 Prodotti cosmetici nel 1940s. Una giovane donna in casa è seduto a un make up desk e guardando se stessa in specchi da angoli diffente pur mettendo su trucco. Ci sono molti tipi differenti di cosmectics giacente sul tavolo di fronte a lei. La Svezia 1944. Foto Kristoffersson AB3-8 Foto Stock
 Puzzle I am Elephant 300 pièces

...

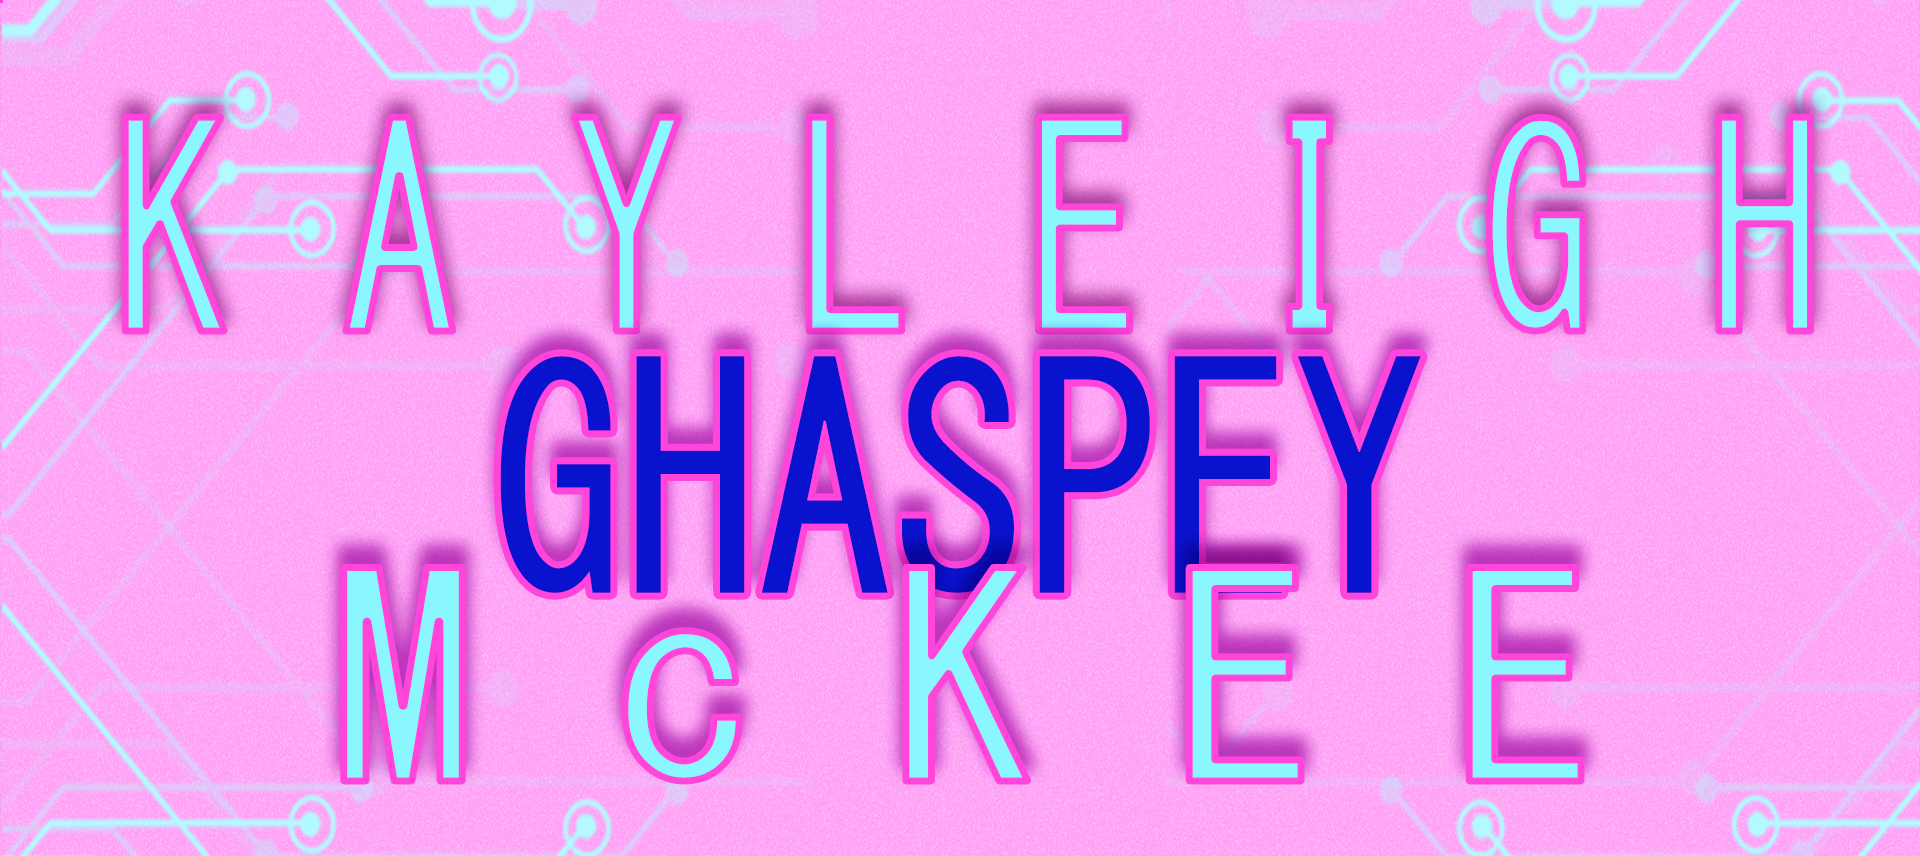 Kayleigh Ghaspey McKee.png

** Activity **
Your answer should be the lines above from the one containing "Prodotti cosmetici nel" through the one containing "Puzzle I am Elephant 300 pièces", copied exactly and with both ends kept.

** Your response **
 Prodotti cosmetici nel 1940s. Una giovane donna in casa è seduto a un make up desk e guardando se stessa in specchi da angoli diffente pur mettendo su trucco. Ci sono molti tipi differenti di cosmectics giacente sul tavolo di fronte a lei. La Svezia 1944. Foto Kristoffersson AB3-8 Foto Stock
 Puzzle I am Elephant 300 pièces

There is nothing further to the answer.